ISSN: 0973-7510

E-ISSN: 2581-690X

Review Article | Open Access
Kiran Dobhal1 , Pallavi Ghildiyal1, A.N.M. Ansori2 and Vikash Jakhmola1
1Uttaranchal Institute of Pharmaceutical Sciences, Uttaranchal University-Dehradun, Arcadia Grant, P.O. Chandanwari, Premnagar, Uttarakhand, India.
2Professor Nidom Foundation, Surabaya, Indonesia.
Article Number: 8255 | © The Author(s). 2022
J Pure Appl Microbiol. 2022;16(suppl 1):3013-3024.
Received: 21 November 2022 | Accepted: 20 December 2022 | Published online: 27 December 2022
Issue online: 30 December 2022

A new strain of the old pandemic, Monkeypox (MPX), has emerged with a more complicated clinical appearance. It is a source of relief that the fatality rate in the new monkeypox is lower, but communicability is higher. This infection’s diagnosis and therapy are still challenging and unknown.

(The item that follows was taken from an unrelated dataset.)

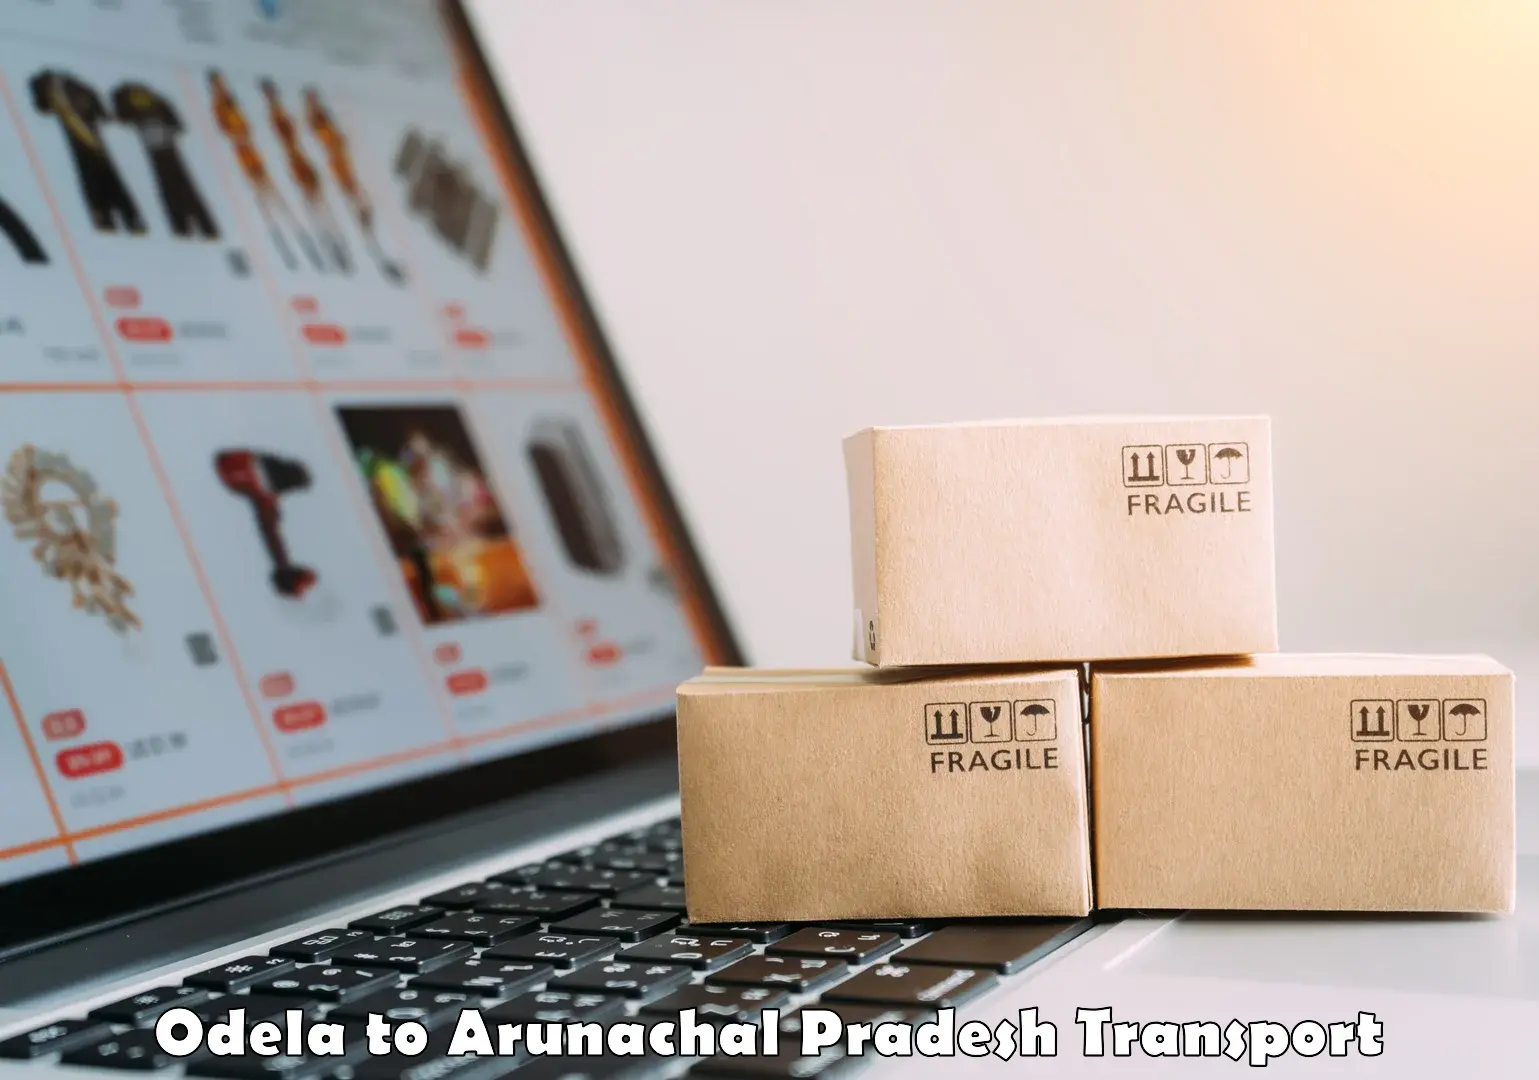 Two wheeler parcel service Odela to Aalo

Researchers are reporting increased human-to-human transmission in the modified version of MPX. There have been several reports of the updated version of monkeypox in the European and American areas. Brazil, Colombia, France, Spain, Germany, Peru, the United Kingdom, and the United States of America have recorded over three thousand new cases of monkeypox through October 2022. Few antiviral medicines and vaccines are available on the market, making treatment of this condition difficult. MPX was previously declared an epidemic disease, but ignorance about it can bring devastation in the shape of the next pandemic-like COVID-19. This review aims to assess the virology, transmission, diagnosis, and therapy of MPX.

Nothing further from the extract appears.